I am such a loser.

I (17M) suck at everything in life. I just sit around do nothing and complain and complain. Like I have some kind of hard life.

Like i'm so f*cking spoiled and lazy it's unbelievable. Why the hell should I live? No one needs to endure my bullshit. I wish I could die!

I'm a coward walking away from every responsibility in my life.

I think I will start starving myself again even if it makes no sense. It makes me even a worse loser and spoiled useless brat and burden on everyone.

Do I want to get attention by starving myself or something?

Like I should just d*e.

Like I should just stand up and do things and change.

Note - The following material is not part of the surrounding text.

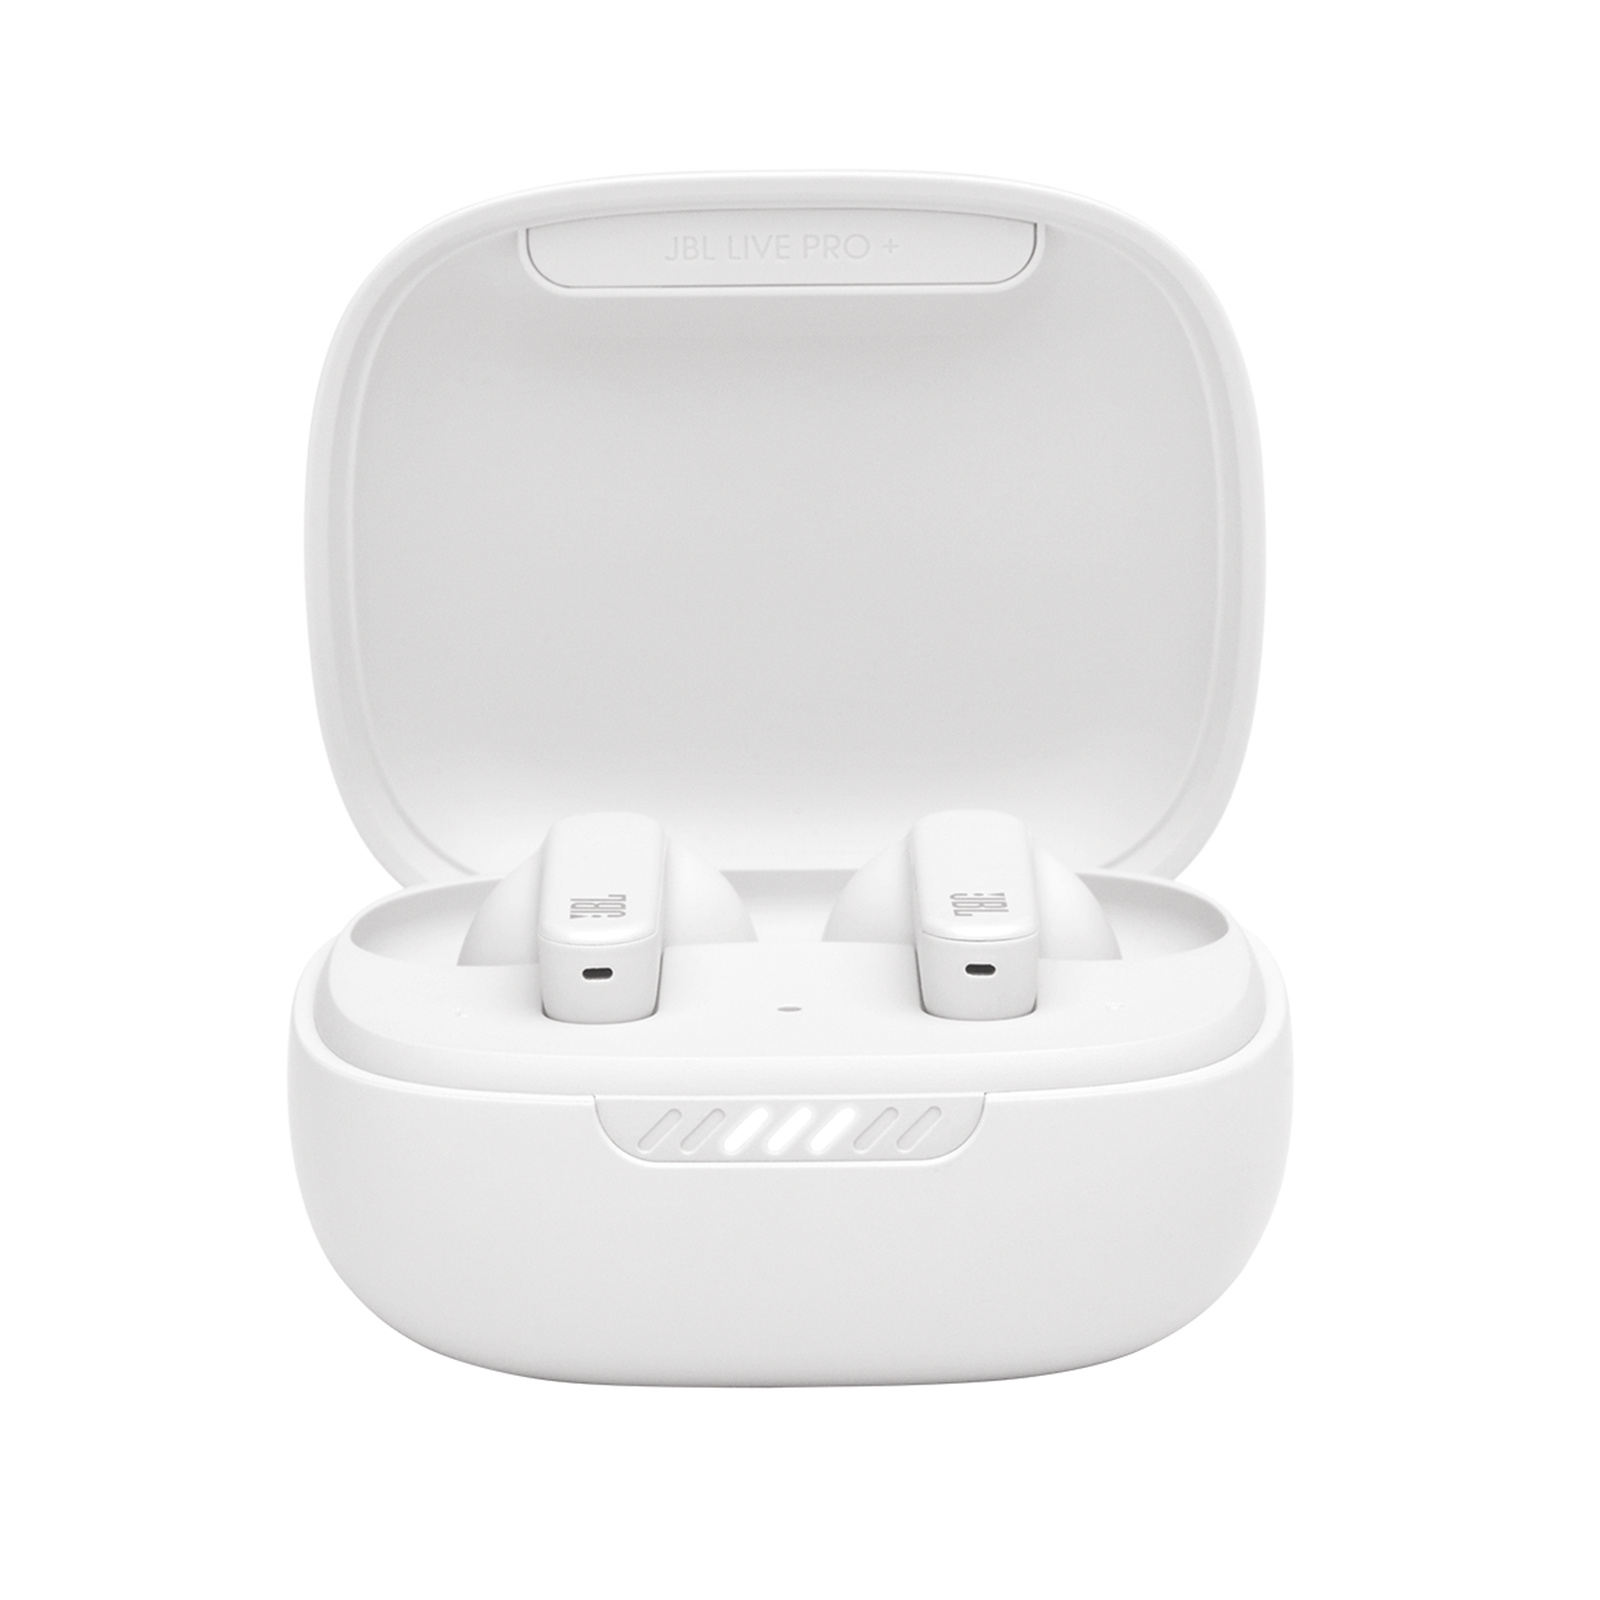 True Wireless In-ear Noise Cancelling Bluetooth Headphones with 28-hour battery JBL LIVE PRO+ TWS wireless charging Fast Pair in white

It's my fault I don't change. I'm the useless piece of s*it human being.

I should d*e.

Like why can't I even get myself to shower or brush my teeth. Like I can stand up to go to the toilet and shit, but I can't f*cking pull my lazy spoiled useless evil self up to just shower or brush my teeth.

Like i'm purposefully lazy.

Like I deserve every pain in this world.

Yeah people say I should get therapy but i'm too weak for therapy because for therapy you need to be able to do something and not be me.

Like I try and am in therapy like i'm in a mental hospital right now but I still suck.

Don't even get up and convince myself to take my meds because oh i'm ashamed of people looking at me weird how pathetic.

My life is just a pathetic waste of space.